Dear Police, Recording You in Public is Not a Crime

The Short Version:

  1. Despite numerous court decisions upholding individuals' right to film the police in public, police officers nationwide continue to arrest citizens for doing so, often charging them with either violating their state's wiretapping law or obstruction of justice.
  2. However, in all states except Massachusetts and Illinois, state wiretapping laws cannot be used to arrest persons recording police officers in public because, like regular citizens, police officers have no reasonable expectation of privacy in the conversations they have while out in public.
  3. Individuals recording police in public should also be free from arrest for obstruction of justice so long as they do not interfere with the police officers' duties while recording by doing such things as crossing police boundaries or shouting obscenities at officers interviewing suspects.
  4. State legislatures need to step up to clarify the law because even though many lower federal courts and state courts have begun to recognize a right to record police officers in public, the Supreme Court has yet to recognize such a right.

I tend to generally not be a big fan of writing about technology-related legal issues that involve the military, the NSA, the FBI, or any other type of public law enforcement agency.

And I’m much less a fan of writing about these issues when they involve the misconduct of police officers because (a) I believe that these issues are sufficiently beaten to death by other writers more passionate about this topic, and more importantly, (b) I am of the minority of persons with no relation to police officers that does not become instantly polarized upon first hearing of police misconduct. Perhaps a product of my background in psychology, I simply know that a person’s environment and previous experiences shape that person’s perception of his or her future interactions with society and, while many find it easy to retrospectively condemn a police officer’s conduct in a single instance, I find it much more difficult to do so without first trying to put myself in their shoes to understand how their day-to-day experiences on the job may have led them to act a certain way.6

Yet, having said that, the foregoing still does not mean that I excuse reprehensible conduct taken by persons empowered to protect the public and, as the title of this post indicates, my position on writing about this issue has changed. And it has changed because of events taking place the past few weeks in Ferguson, Missouri in which bystanders and reporters were unlawfully arrested for lawfully recording a ridiculously militarized police force abuse its powers. These events have made it abundantly clear that those donning the uniforms of police departments nationwide continue to willfully ignore numerous court decisions, countless articles, and even DOJ guidance letters, which all say the same thing: the mere recording of police officers performing their duties in public is not a crime.

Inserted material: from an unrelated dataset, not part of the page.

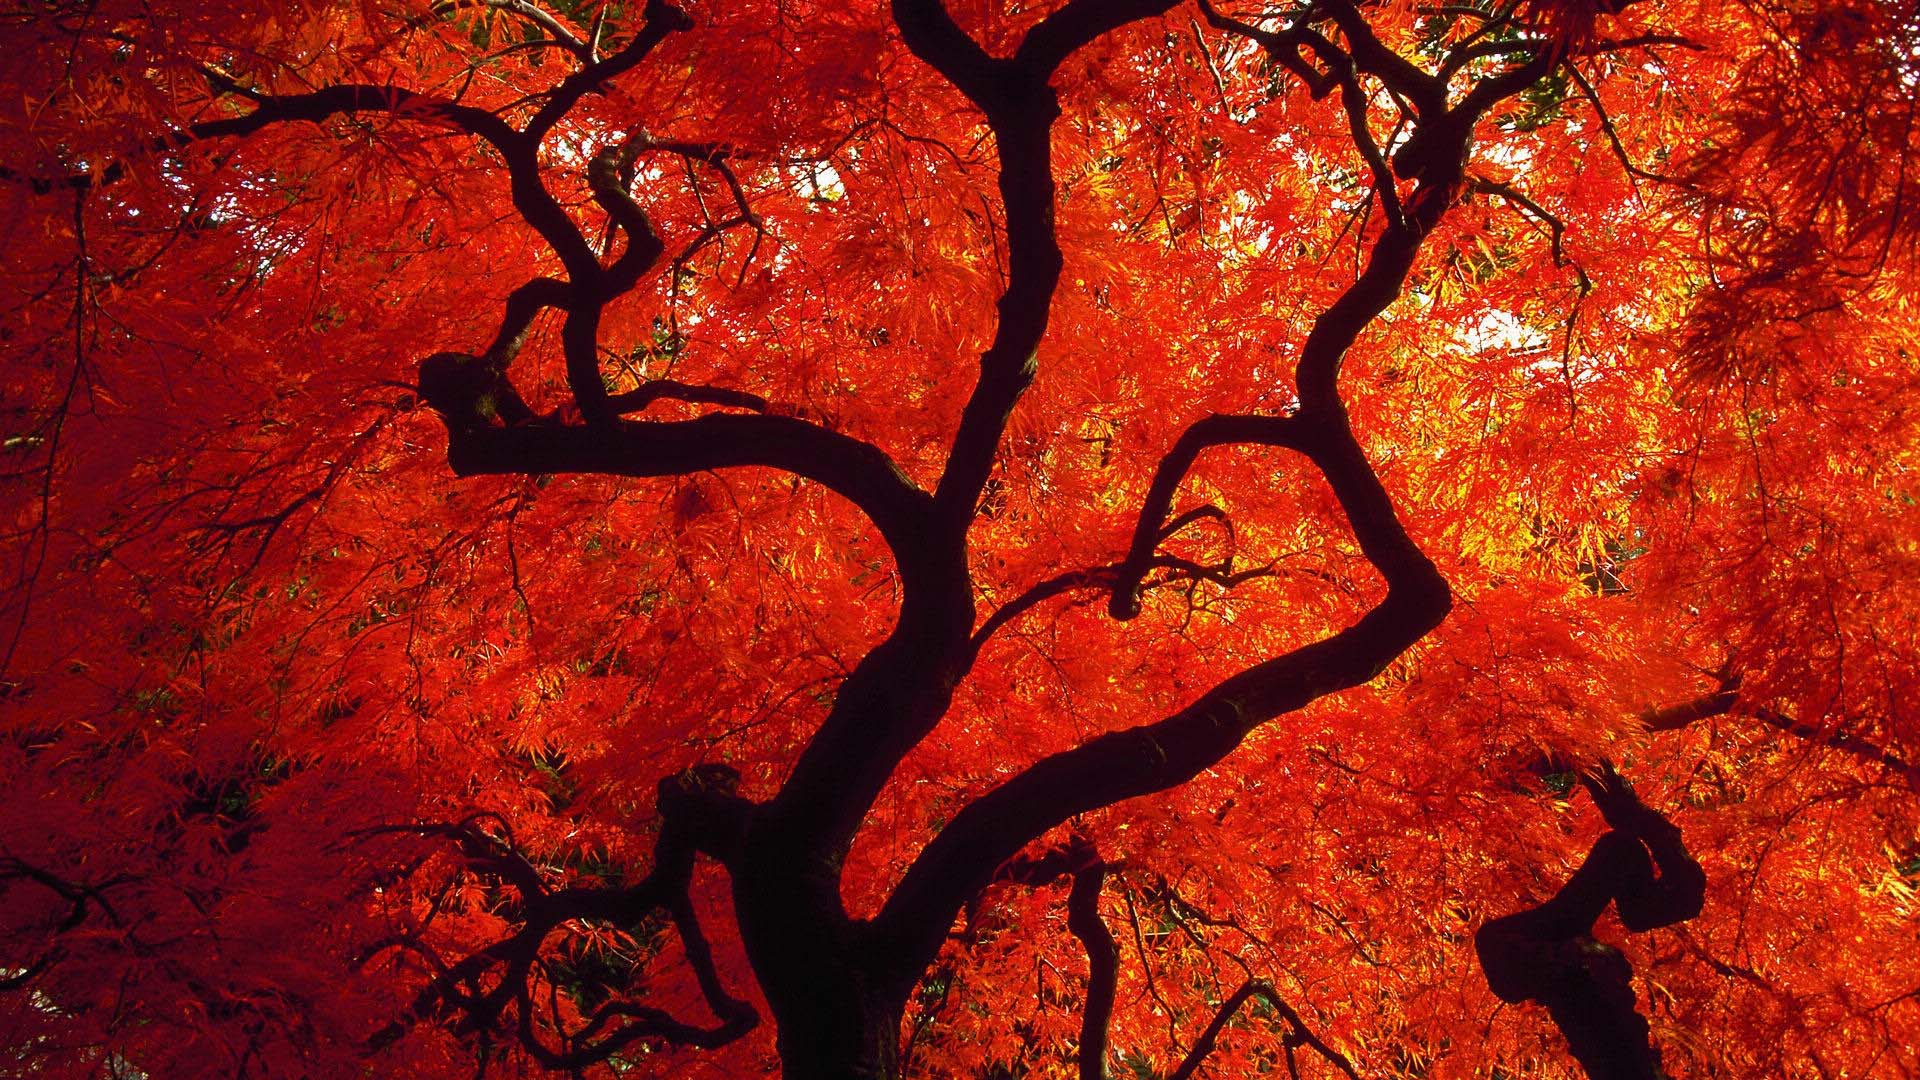 Cây đỏ mang đến cho chúng ta cảm giác ấm áp, mang một chút phong cách độc đáo cho không gian sống của chúng ta. Hãy xem hình ảnh để chiêm ngưỡng sức hút của cây đỏ này.

Then what are people recording police being arrested for?

Persons being arrested for recording police are most often charged with either one of two different crimes.

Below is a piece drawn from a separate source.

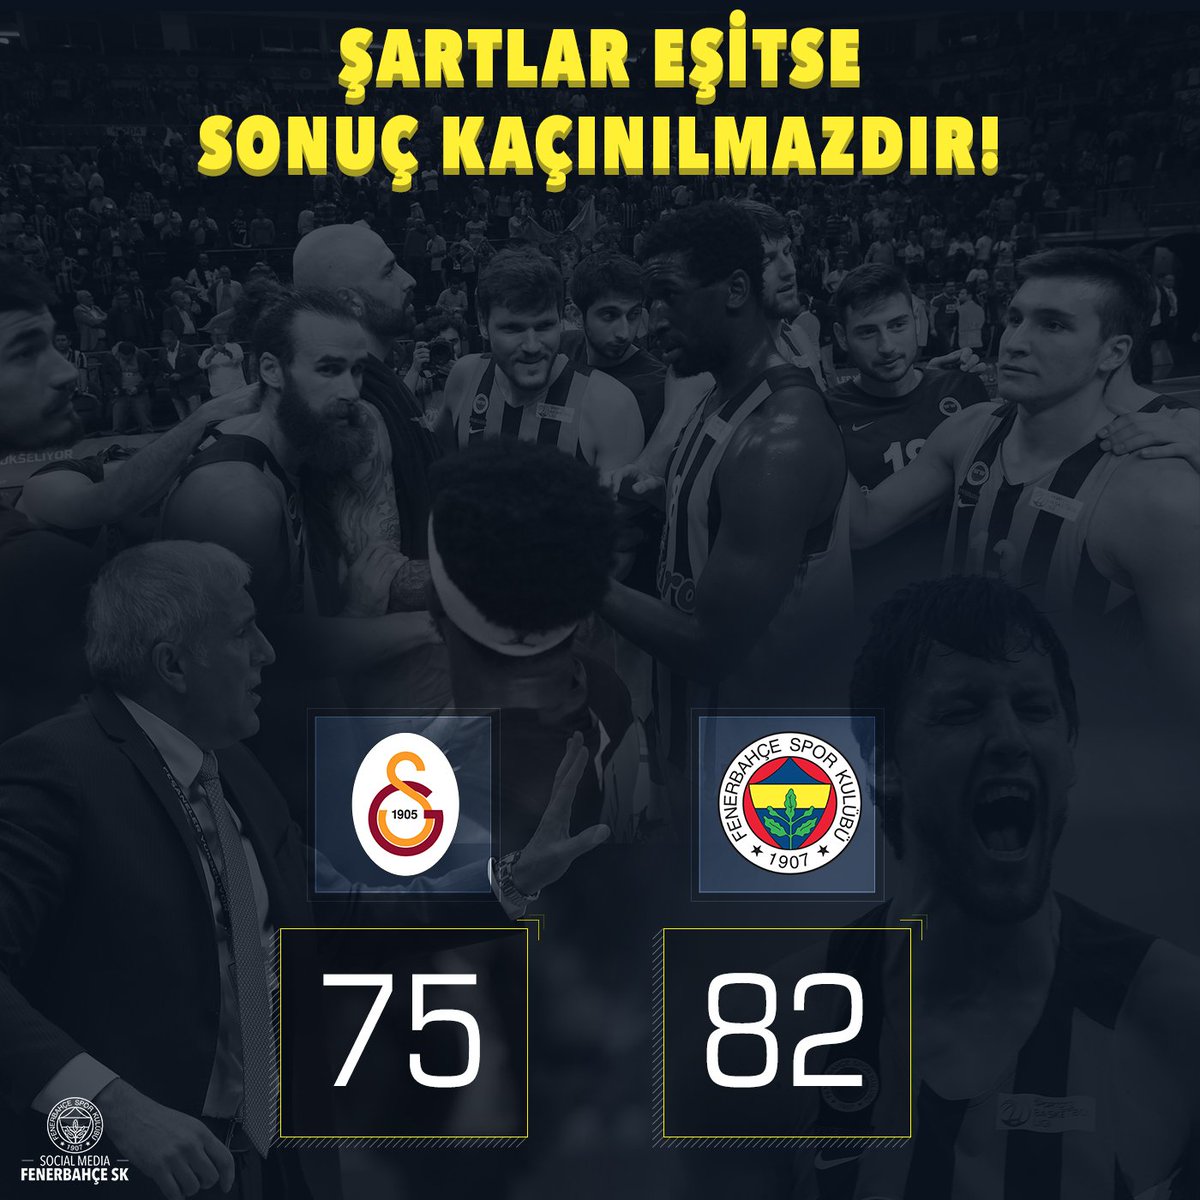 Fenerbahçe, Galatasaray Odeabank'ı 82-75 mağlup ederek finale yükseldi. Karşılaşma sonrası ise iki koç Zeljko Obradovic ile Ergin Ataman tartıştı. CjzmysGUkAAtZGT

The first crime people recording encounters with police are being arrested for is violating their state’s wiretapping statute. Although the vast majority of states have enacted wiretapping statutes that police cannot twist to arrest persons recording them, 12 states7 have enacted “all-party consent” wiretapping statutes, which make it a felony to record the audio of a conversation without the consent of all persons—police officers included—involved in that conversation. Importantly, however, ten of these twelve states8 have included a provision in their all-party consent wiretapping statute that states the statute can only be violated if the person who objects to having a conversation recorded has a reasonable expectation that the conversation would remain private. And although police officers have commonly tried to circumvent this requirement by arguing that they have a reasonable expectation of privacy in public conversations with a suspect or witness, courts faced with this argument have declined to accept what essentially amounts to an incongruent assertion that police possess a reasonable expectation of privacy when out in public, while all other citizens do not. Thus, this means that in all but 2 Draconian U.S. states (Massachusetts & Illinois), police must rely on the second crime commonly used to arrest people recording them: obstruction of justice.9

A catchall provision that makes it a misdemeanor for a person to interfere with law enforcements’ performance of their duties, a person who is recording police officers may be arrested for obstruction of justice if the act or manner of that recording somehow hinders the officers from doing their job. And unlike wiretapping laws, the contours of what constitutes obstruction of justice is not clearly defined as whether recording police officers interferes with the performance of their duties depends on the subjective determination of what can often turn out to be a particularly camera shy police officer. Yet, despite the fair amount of discretion police officers are rightfully accorded in controlling a crime scene, there are certain bright lines that can be identified to guide persons recording officers from being arrested for this crime, and so long as you are recording from a place you have a legal right to be (e.g., not crossing police boundaries or injecting yourself into a crime scene investigation) and in a manner that is not flagrantly disruptive (e.g., not narrating your recording with obscenity-filled threats or warnings to police), you should be perfectly within your right to record the activities of police officers without obstructing the performance of their duties.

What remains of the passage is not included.